At De Anza High School’s law academy, students get preparation for professional world
on October 7, 2014
As the school bell rings, students at De Anza High School stream into the hallways and make their way to their next class. For a few students, this next class is a law academy, where they learn the foundational skills of the legal profession.
De Anza’s three-year-old law academy brings in practicing Bay Area lawyers to give students a real-life view of the legal world. Local district attorneys visit the classroom to mentor students and provide legal insights. The program is designed to give students a head start on a legal career, and it has already made an impact, with several students saying they intend to pursue legal studies.
“I feel like I’m an adult… I feel like I’m in the real world,” said Sonia Shakeel, a De Anza junior in her second year of the program.
Ariel Vega, a junior also in his second year of the program says the academy is only the beginning: he plans on continuing to study law after high school.
All De Anza freshmen have the opportunity to choose one of four academies to enroll in during their sophomore year. Besides law, options include a health academy, Information Technology Communication Education (ITCA), and Reserve Officers’ Training Corps (ROTC). Students can switch from one academy to another during their junior or senior year.
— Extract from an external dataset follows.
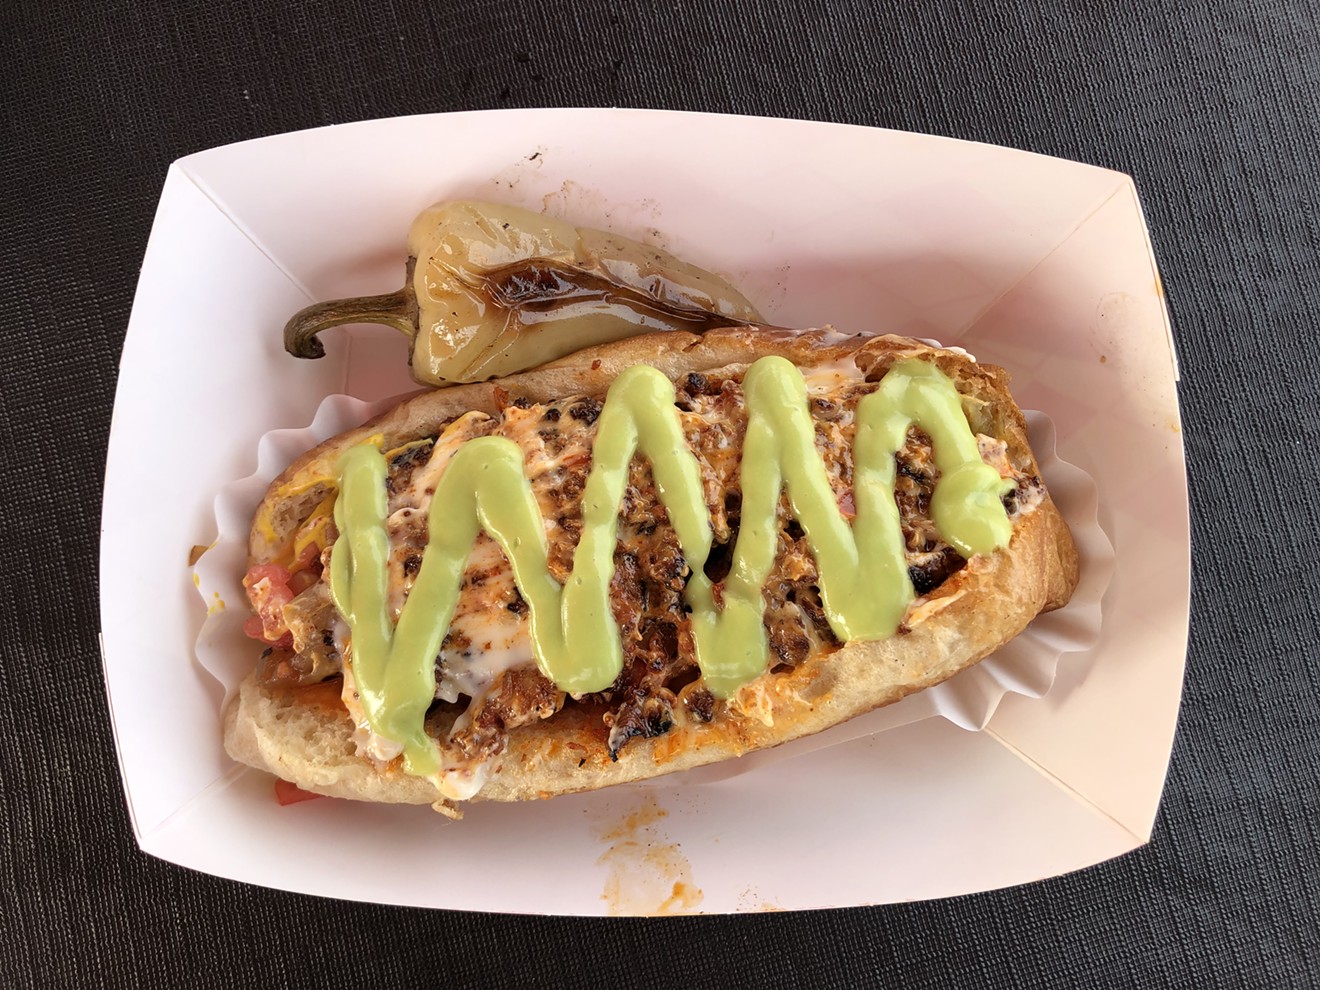 The Choridogo, a Sonoran hot dog with chorizo.

The law academy builds in diversity. As a federally funded program, it must roughly consist of an enrollment of fifty percent honor roll students and fifty percent at-risk students. The law academy currently has 120 students enrolled in the class.
Students say they are pleased with the instructors. De Anza senior and third year law academy student, Angelina Quilici praised her teacher, Tahitia Dean. “Ms. Dean is the type of teacher who, if you’re not inclined to learn, will push you and make things interesting for you to learn. She’s more than accommodating to help you succeed… and tries to bring [out] the best qualities of every person, despite if they’re at-risk or an honor student.”
Each year a big event on the law academy calendar is the mock trial competition.
Last year, De Anza placed second in West Contra Costa Unified School District’s (WCCUSD) Mock Trial competition, which involved five high schools. District attorneys score the teams.
“It’s the most rewarding experience,” said Quilici. “[Mock trials] have helped me be able to be confident in front of any group of people.”
In preparation for their mock trial competition this February, law academy students are studying case briefings and auditioning in various roles, such as being the case’s lead attorney.
The law academy is not only introducing students to the profession, but it may be the training ground for Richmond’s next district attorney.
Next week the law academy’s future building is expected to be named for former Alameda County Superior Court judge Henry Ramsey Jr. The late judge was the father of Charles Ramsey, President of the West Contra Costa Unified School District Board of Education.
The renaming will be recommended to the full Board of Education on October 15.